Without clear internal and external communication, the collaboration between all parties will begin to diminish which could lead to incomplete process and people change and therefore to fragmented workflows in the enabling solution. Lack of communication could also negatively affect engagement from the organisation and eventually support at go live and adoption beyond. Poor adoption has a direct result on realising the benefits which could impact on the financial position of the Trust, depending on the funding source and arrangements for the return on investment.

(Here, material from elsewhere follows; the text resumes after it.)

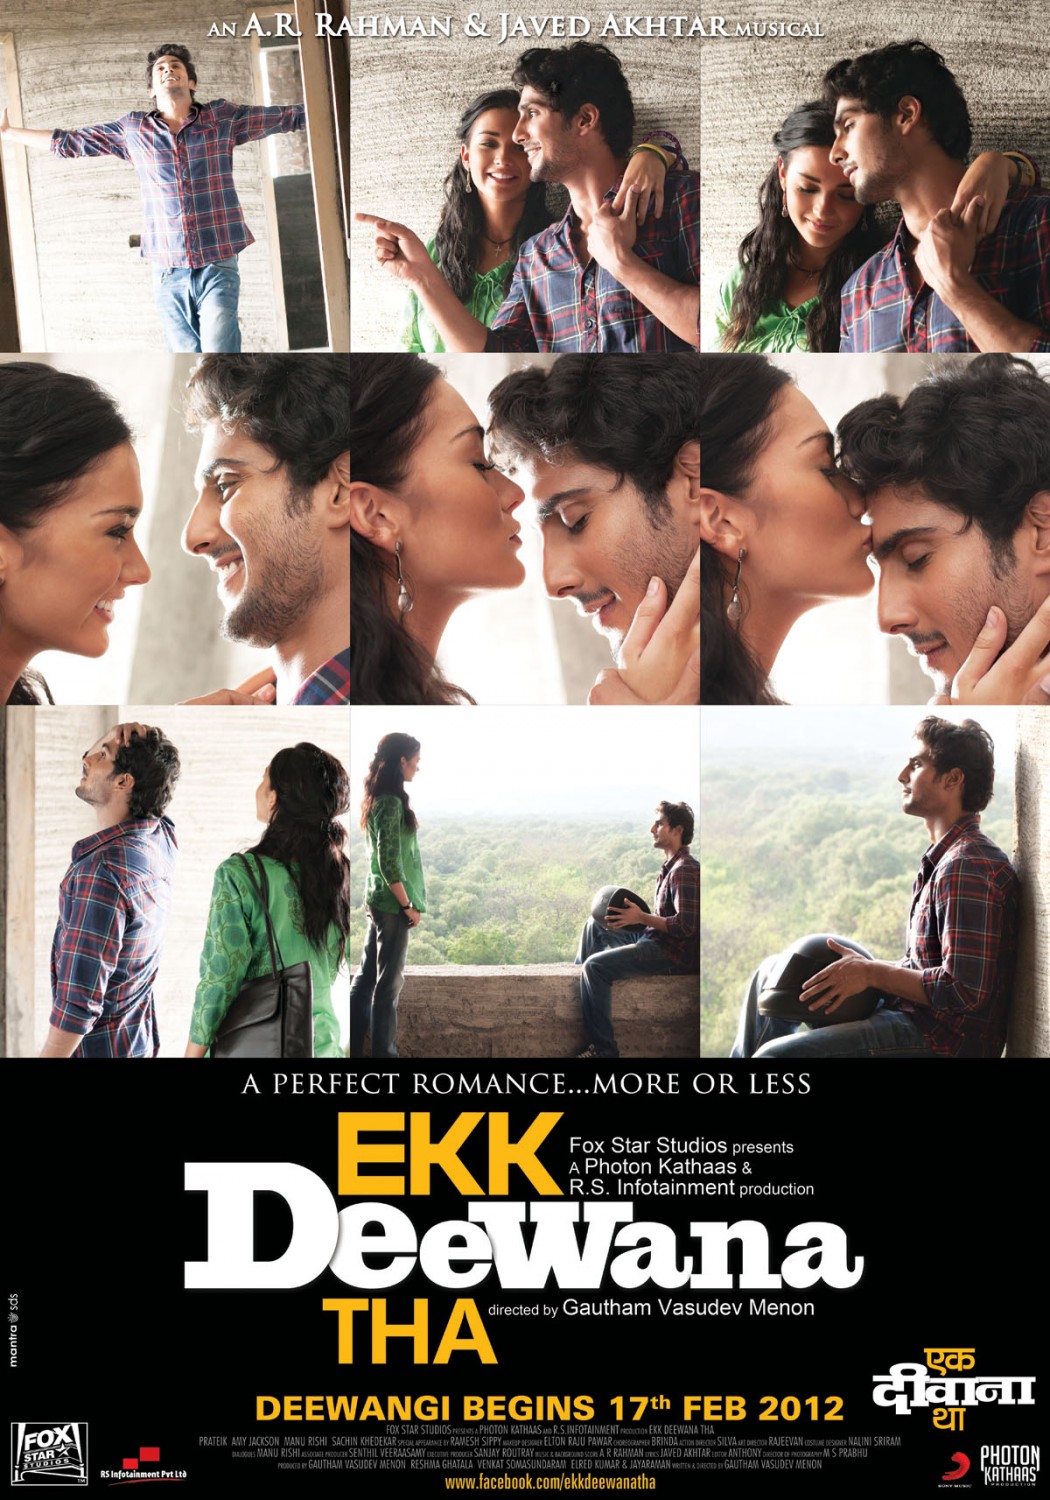 Extra Large Movie Poster Image for Ekk Deewana Tha (#2 of 2)

Investment in a specialist communication lead who will align with the Trust Communication Team at the mobilisation stage will stand the programme in good stead.
5. Ensuring collaboration from the start
Finally, it is worth highlighting how imperative it is to enter into an EPR Programme in a collaborative way. Collaboration is formed with the wider Trust and external stakeholders, the EPR Vendor and any downstream system providers to be integrated with.
Starting with a ‘one team’ approach will alleviate tension later if or when things don’t quite go to plan and reduce the number of delays caused by a ‘them and us’ situation or the introduction of a classic blame culture.
In summary, it is my personal experience leading EPR implementations that if the investment and effort is not made at the mobilisation stage, it will almost certainly lead to delays later. Continuity, strong governance, the right level of expertise and experience, stakeholder engagement and transparency of information are the catalysts to creating a feeling of ‘we’re in this together’, which if done well at the mobilisation stage will set the tone for a successful implementation and user adoption.